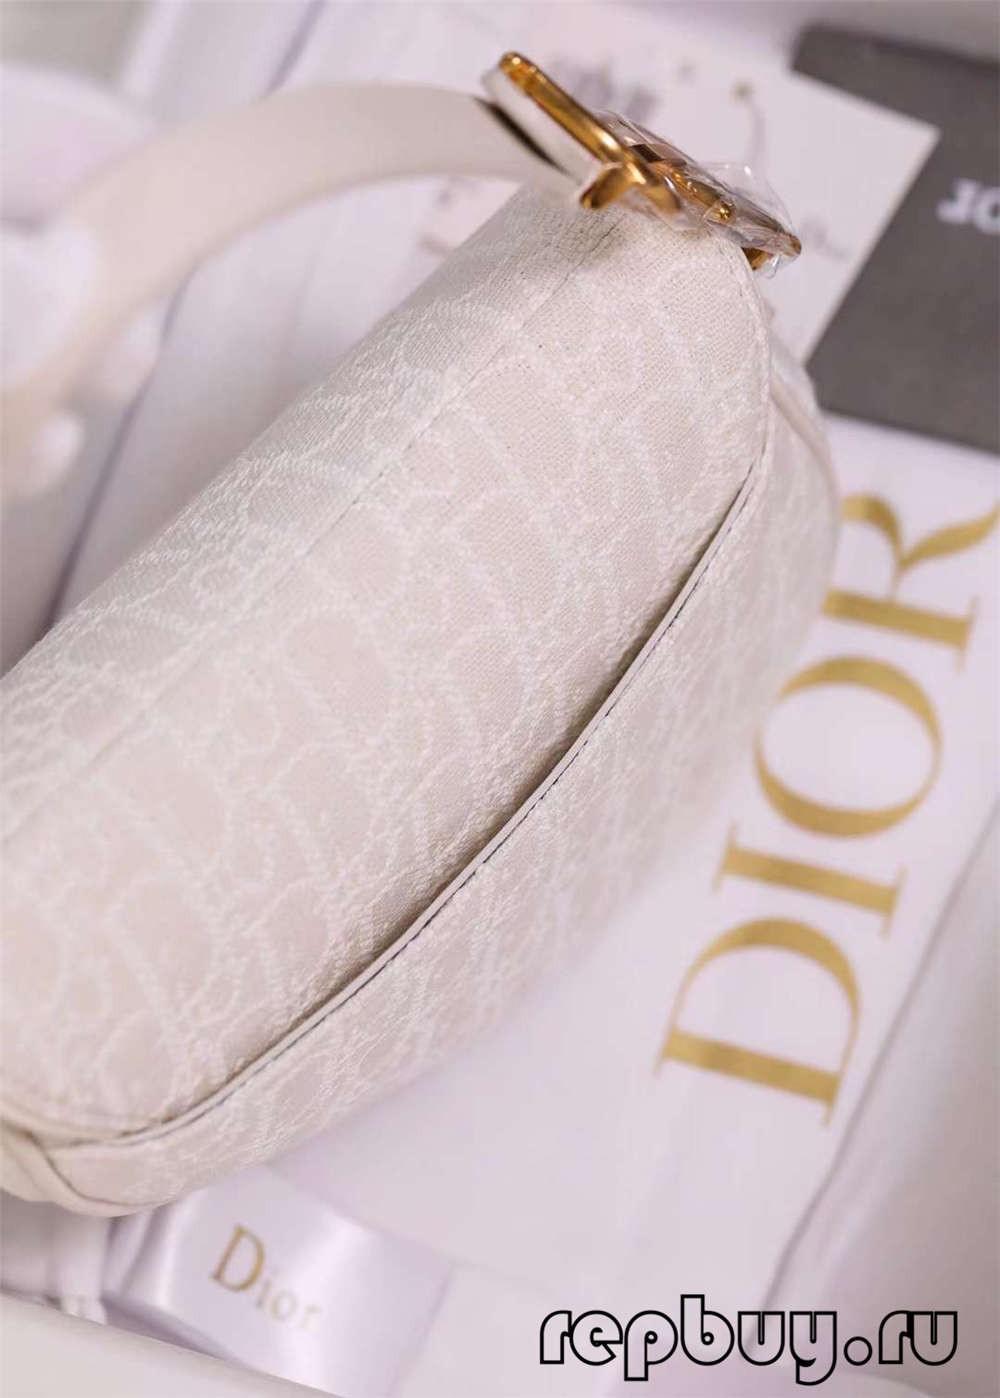 Dior Top Replica Bags White Saddle Bag 21cm Small Craft Details (2022 Latest)-Best Quality Fake designer Bag Review, Replica designer bag ru
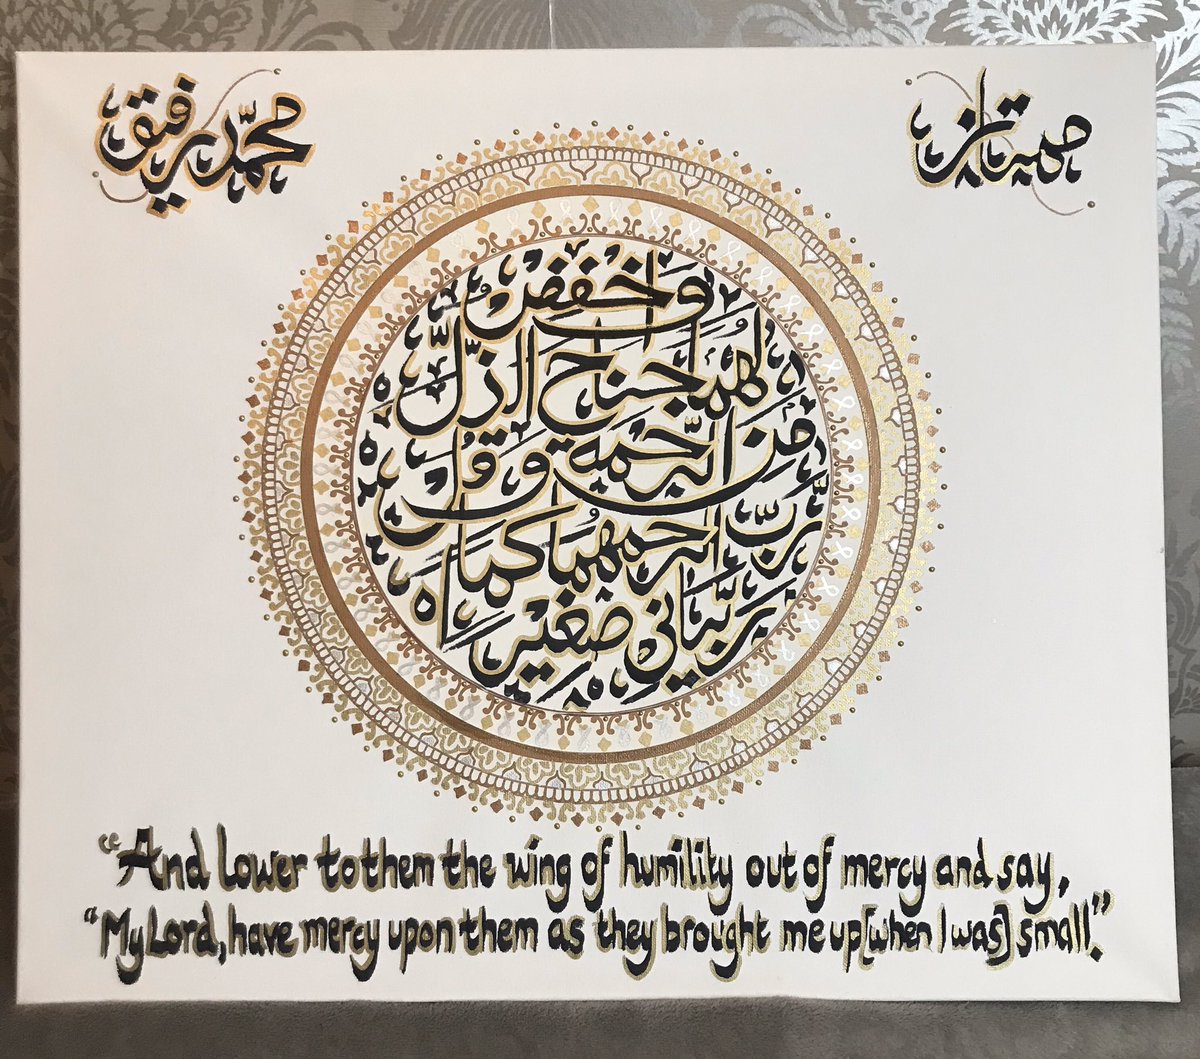 50cm x 60cm personalised canvas made on order“And lower to them the wing of humility out of mercy and say, "My Lord, have mercy upon them as they brought me up [when I was] small." (17:24)ZahrArts  Instagram: zm_canvas_artEtsy:  https://etsy.me/38qEr2H 
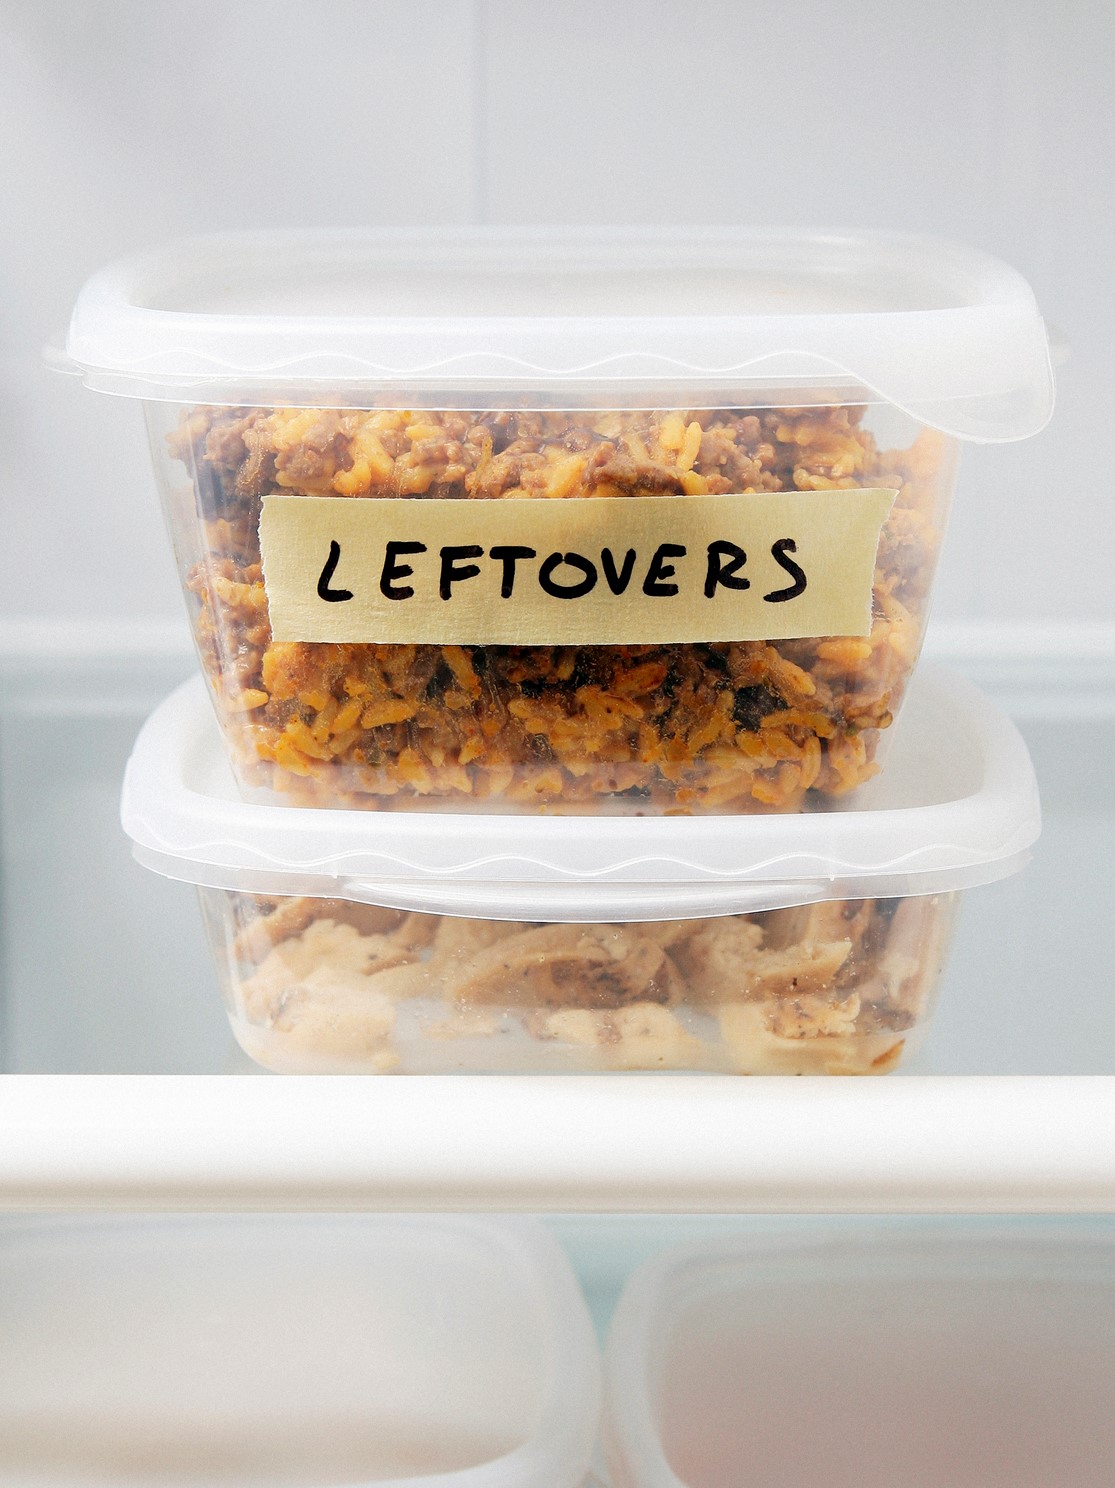 Tupperware container in fridge labeled "leftovers"
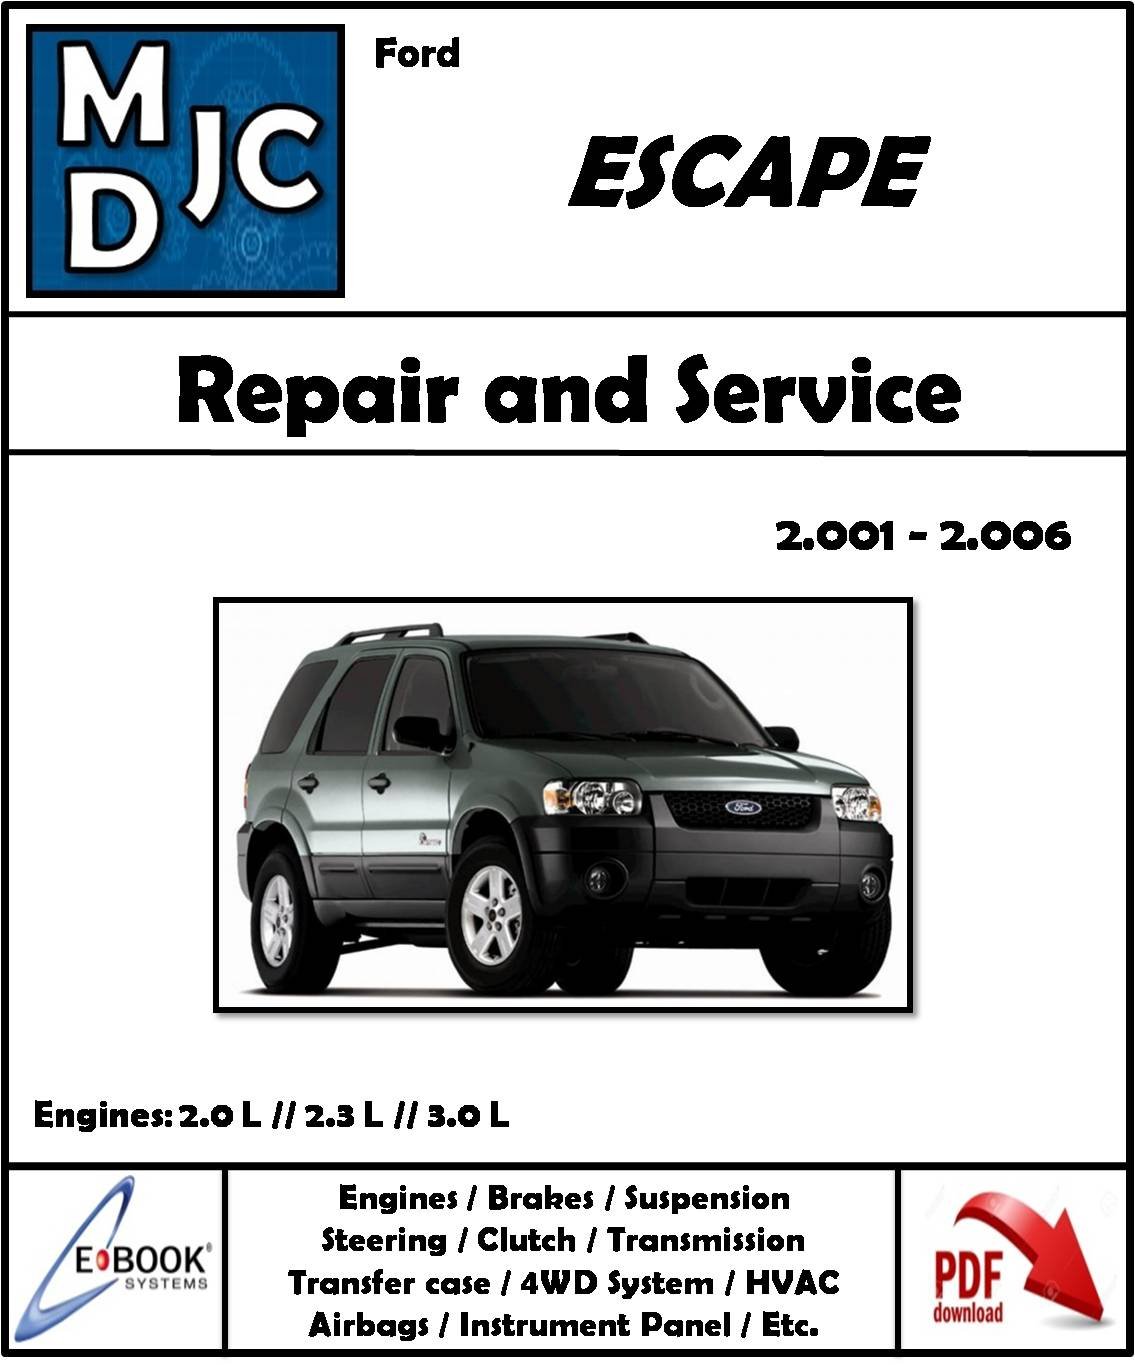 2006 ford escape manual pdf download how to download itunes on pc laptop

**Exercise goal:** Apart from the pictures, every line of the material above is to be returned word for word.

**Solution below:**
 Dior Top Replica Bags White Saddle Bag 21cm Small Craft Details (2022 Latest)-Best Quality Fake designer Bag Review, Replica designer bag ru
 50cm x 60cm personalised canvas made on order“And lower to them the wing of humility out of mercy and say, "My Lord, have mercy upon them as they brought me up [when I was] small." (17:24)ZahrArts  Instagram: zm_canvas_artEtsy:  https://etsy.me/38qEr2H 
 Tupperware container in fridge labeled "leftovers"
 2006 ford escape manual pdf download how to download itunes on pc laptop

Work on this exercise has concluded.